Hey, everybody else is doing it, and as a self-proclaimed movie obsessive I decided the Top 10 List I was making in my head should be shared with the world.  Admittedly as I am not an officially recognized film critic, and I can’t say that I’ve seen everything that might be worthy of recognition, and considering as of this writing I have yet to see “True Grit”, “Blue Valentine”, “The Fighter,” “127 Hours” or the animated import “The Illusionist,” this might be a hasty exercise (stay tuned for a New Year Revision in case I do manage to catch up…) but, for now, here are the films that stayed on my radar for the year that was.

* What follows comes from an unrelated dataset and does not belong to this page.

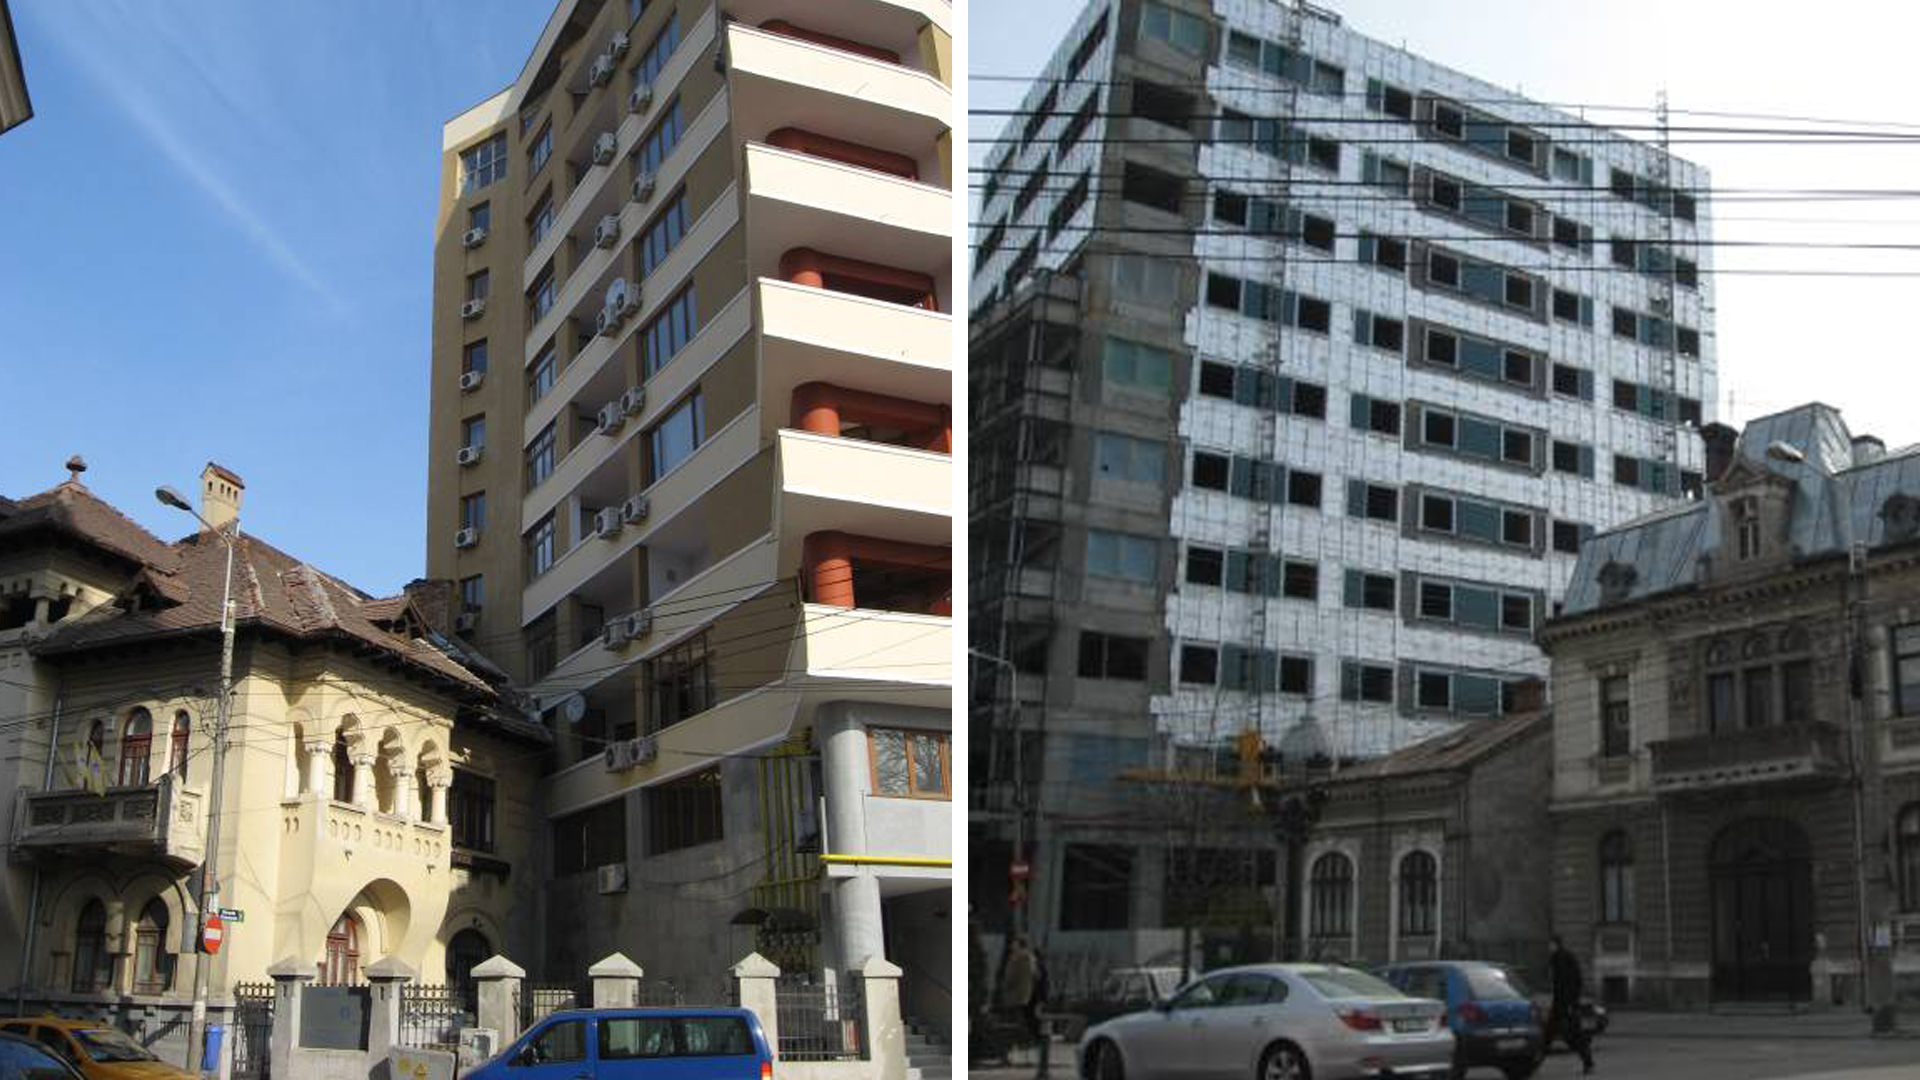 Raport Bucureștiul se dezvoltă haotic, iar ediliilor nu le pasă de pārerea locuitorilor

10.  “The Kids Are All Right” – At the time I saw this one it was a critic’s darling and seemed to be a sure bet for Oscar consideration, mainly for it’s sharp, timely script and excellent acting from the entire cast, especially Annette Bening and Julianne Moore.  But considering that I didn’t even remember it on my own until a look at a list of 2010 releases, I have to dump it to the bottom of my 10; still giving it high marks, but with some nagging feeling of emotional incompleteness.  Maybe it’s the lack of a satisfactory resolution with Mark Ruffalo’s character at the end…maybe director Lisa Cholodenko’s focus on subtlety kept it from being as outright entertaining as it coulda, shoulda been.  Still, the deft handling of what might have just been your standard high-concept indie adult comedy (along with the aforementioned first-rate performances) manage to keep it clinging for life on the list.  (But if my unabashed affection for the Coen Brothers holds up when I finally see “True Grit” I suspect this title will have to slip to Honorable Mention.)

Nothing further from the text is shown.